Автор книги: Виктор Мазин
Жанры:
Психология
,сообщить о нарушении
Текущая страница: 6 (всего у книги 8 страниц)
ПОХИЩЕННОЕ
ПИСЬМО
ПРИХОДИТ
ПО НАЗНАЧЕНИЮ
12 мая 1955 г. Лакан проводит семинар по мотивам рассказа Эдгара Алана По «Похищенное письмо». Разбирая эту детективную историю, Лакан показывает: субъект представлен цепью означающих, в которых – в терминах Бенвениста – план высказывания расходится с планом акта высказывания. То, что субъект говорит, не соответствует тому, что он хочет сказать. Место «я мыслю» (Декарта) занимает «оно говорит» (Фрейда). Письмо, буква (по-французски это одно слово – letter) вписано в бессознательное и определяет судьбу субъекта. Этот семинар для Лакана настолько важен, что он переписывает его в 1956 году в отдельную статью, а в 1966 году помещает ее в свое собрание «Сочинений». Причем этот сборник самых важных, на взгляд Лакана, статей начинается именно с «Похищенного письма».
Раздел, в котором Лакан излагает на семинарских занятиях историю «Похищенного письма», называется «По ту сторону воображаемого – символическое или от маленького другого к большому». Начинается он с вопроса «что такое субъект?» И Жак Лакан прибегает к истории Эдгара По для прояснения своей идеи, – субъект конституирован символическим порядком.
Представления о языке крайне важны для понимания инстанции символического в той модели психики человека, которую предлагает Лакан.
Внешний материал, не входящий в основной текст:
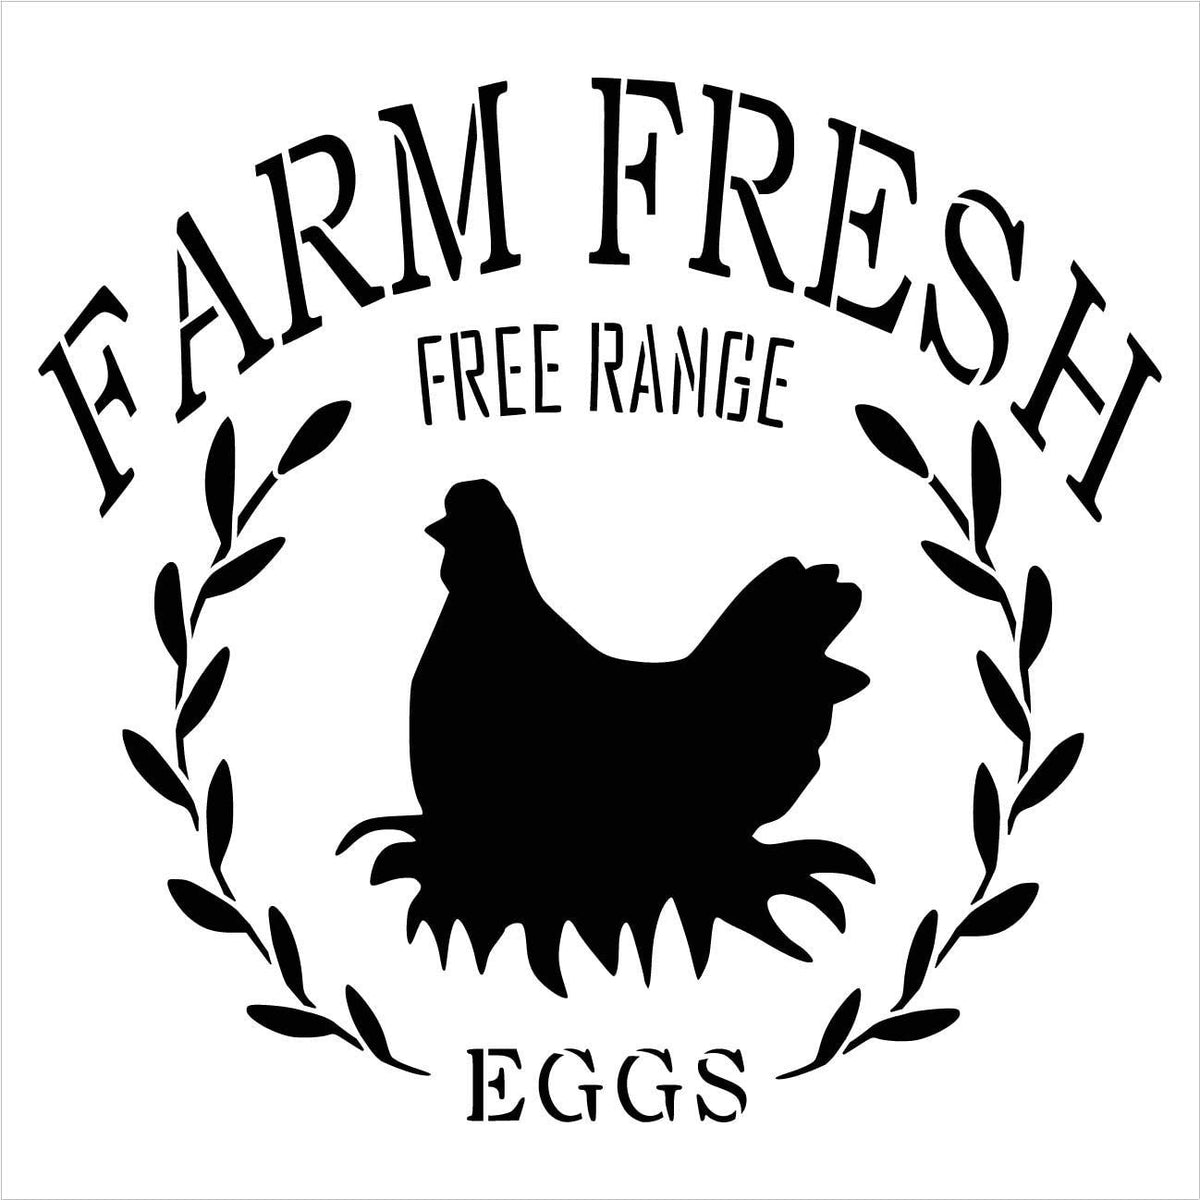 Farm Fresh Free Range Eggs Stencil By StudioR12 DIY Chicken Laurel W StudioR12 Stencils

Идея символического порядка была введена в гуманитарные науки Леви-Стросом, для которого любая культура – совокупность символических систем – языка, брачных связей, экономики, искусства. Говоря о символическом, Лакан подчеркивает и то, что бессознательное как предмет исследования психоанализа всегда структурировано как язык.
«Чистое означающее» не зависит от своего означаемого, подобно тому, как письмо не зависит от своего содержания. Посредством смещения означающее работает как подвижная ось, вокруг которой вращается изменяющийся набор человеческих отношений. Это означающее функционирует не только независимо от своего содержания, но и независимо от персонажей, по рукам которых оно переходит.
Одним из основных мотивов семинарских занятий 1955 года вообще становится понятие Фрейда «навязчивое повторение». В отличие от Фрейда, который связывает этот принцип с характером влечений, Лакан приписывает его структуре означающей цепи. Удивительно, но и эту свою теорию Лакан обнаруживает у Фрейда. В рукописи 1895 года Фрейд пишет о стремлении к повторению в связи с попыткой заново пережить первичное удовольствие, а также в связи с настойчивым воспроизведением процесса утрачивания вещи в означающем его символе. Впрочем, Лакан, сквозь призму Клерамбо, говорит уже не столько о навязчивом повторении, сколько об автоматизме повторения.
Главный герой истории По-Лакана – письмо, перемещение которого определяет поведение и судьбу персонажей. Письмо – означающее, скольжение которого прочерчивает символическую цепочку. Персонажи рассказа-полицейские, сыщик Дюпен, король, королева, министр – оказываются в той или иной ситуации в зависимости от позиции, которую они занимают в отношении письма.
Таких позиций – три. Персонаж, находящийся в первой позиции, слеп в отношении всей ситуации, он не видит ничего. Из второй позиции субъект видит, что первый ничего не видит, но заблуждается насчет того, что никто не наблюдает за ним, что тайна его никому не известна. В третьей позиции субъект обнаруживает на поверхности то, что должно быть скрыто, чем и пользуется.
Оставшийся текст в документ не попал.